Following the attack in the area of the Idna Tarqumiyah Junction, security forces surrounded a house in Hebron and killed a Palestinian suspected of carrying out the shooting, the military said.
Hundreds of Israeli troops have been carrying out raids across the West Bank since last Wednesday in one of their largest actions in the area in months, which Israel says is aimed at rooting out Iranian-backed Islamist militants.
The Palestinian Red Crescent reported on Sunday that two Palestinian brothers had been shot by Israeli forces in the town of Kafr Dan, outside Jenin in the northern West Bank, where Israeli forces have been operating since Wednesday.
The deployment of army and police units across the West Bank has underscored the heavy pressure facing Israeli security forces now fighting on multiple fronts, with little sign of a breakthrough in talks to secure a halt to the fighting in Gaza.
"We are fighting on all fronts against a cruel enemy who wants to murder us all," Prime Minister Benjamin Netanyahu said, also referring to six Israeli hostages killed in captivity in Gaza and whose bodies were recovered from a tunnel on Sunday.
As he spoke, Israeli troops were still operating in Jenin, where the militant groups Hamas and Islamic Jihad said their fighters were engaged.
HEAVY DAMAGE
The operation, now in its fifth day, has caused heavy damage to infrastructure in the city and the adjacent refugee camp, a densely populated township, with multiple damaged houses and buildings and a mass of streets torn up by armoured bulldozers hunting for roadside bombs.

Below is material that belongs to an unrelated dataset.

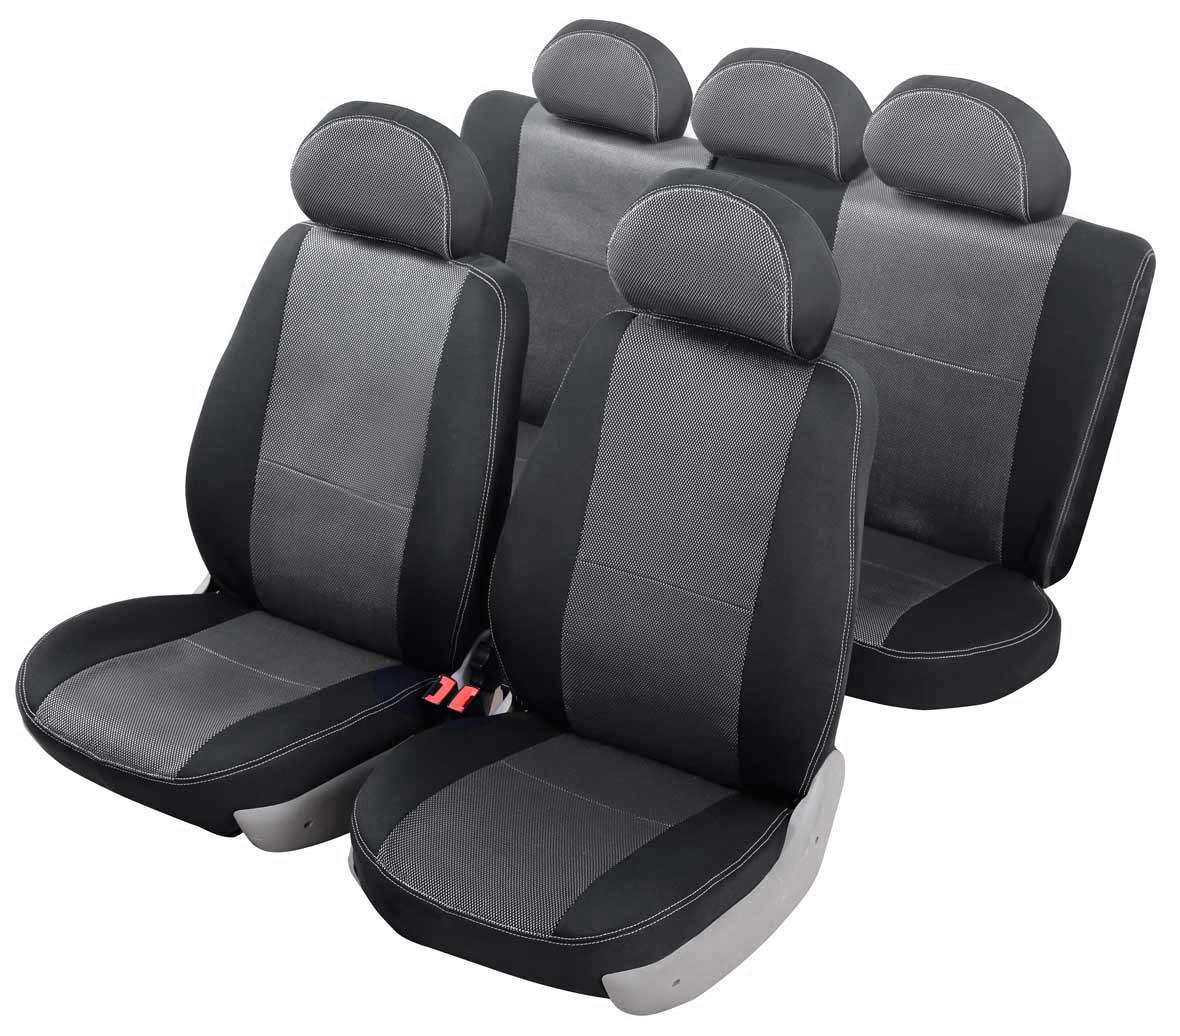 Чехол на автомобильное кресло Senator Dakkar NISSAN QASHQAI 2006-н.в. 5 мест, цвет: черныйS3010201Разработаны в РФ индивидуально для каждой модели автомобиля. Чехлы Senator Dakkar серийно выпускаются на собственном швейном производстве в России. Чехлы идеально повторяют штатную форму сидений и выглядят как оригинальная обивка сидений. Для простоты установки используется липучка Velcro, учтены все технологические отверстия. Чехлы сохраняют полную функциональность салона – трасформация сидений, возможность установки детских кресел ISOFIX, не препятствуют работе подушек безопасности AIRBAG и подогрева сидений. Дизайн чехлов Senator Dakkar приближен к оригинальной обивке салона. Чехлы имеют вставки из жаккарда по центру переднего сиденья и на подголовниках. Декоративная контрастная прострочка по периметру авточехлов придает стильный и изысканный внешний вид интерьеру автомобиля. Чехлы Senator Dakkar изготовлены из сверхпрочного жаккарда, триплированного огнеупорным поролоном толщиной 3 мм, за счет чего чехол приобретает дополнительную мягкость. Подложка из спандбонда сохраняет...

At least 24 Palestinians, most claimed by Hamas or Islamic Jihad as their members, have been killed since the start of the Israeli operation.
Israeli forces have made 110 arrests, according to the Palestinian prisoners association.
Finance Minister Bezalel Smotrich, a hardline member of Israel's security cabinet, called for more action against Palestinian militants in the West Bank.
"We need to do now what we didn't do that awful night and launch a pre-emptive strike and strike terrorism hard," he said, referring to Hamas' deadly Oct. 7 attack on Israel.
"We are committed to eliminating terrorism on all fronts," he said, speaking from the scene of Sunday's attack.
The latest deaths bring the number of Israelis killed in Palestinian attacks outside Gaza since Oct. 7 to at least 22, with around 20 Israelis and foreigners killed by missile attacks from southern Lebanon.
At the same time, Israeli forces have killed almost 680 Palestinians, including armed fighters, stone-throwing youths and uninvolved civilians.
Hamas, which is fighting a war with Israel in Gaza, praised the attack in the West Bank, but did not claim it, saying it was a "natural response to the massacres and genocide in the Gaza Strip".
"We call on all those who carry weapons to direct their bullets at the chests of the occupiers who continue to commit massacres against our people in Gaza Strip," the statement said.
Israel denies committing acts of genocide in the Gaza war, which was triggered by Hamas' Oct. 7 strike on Israel.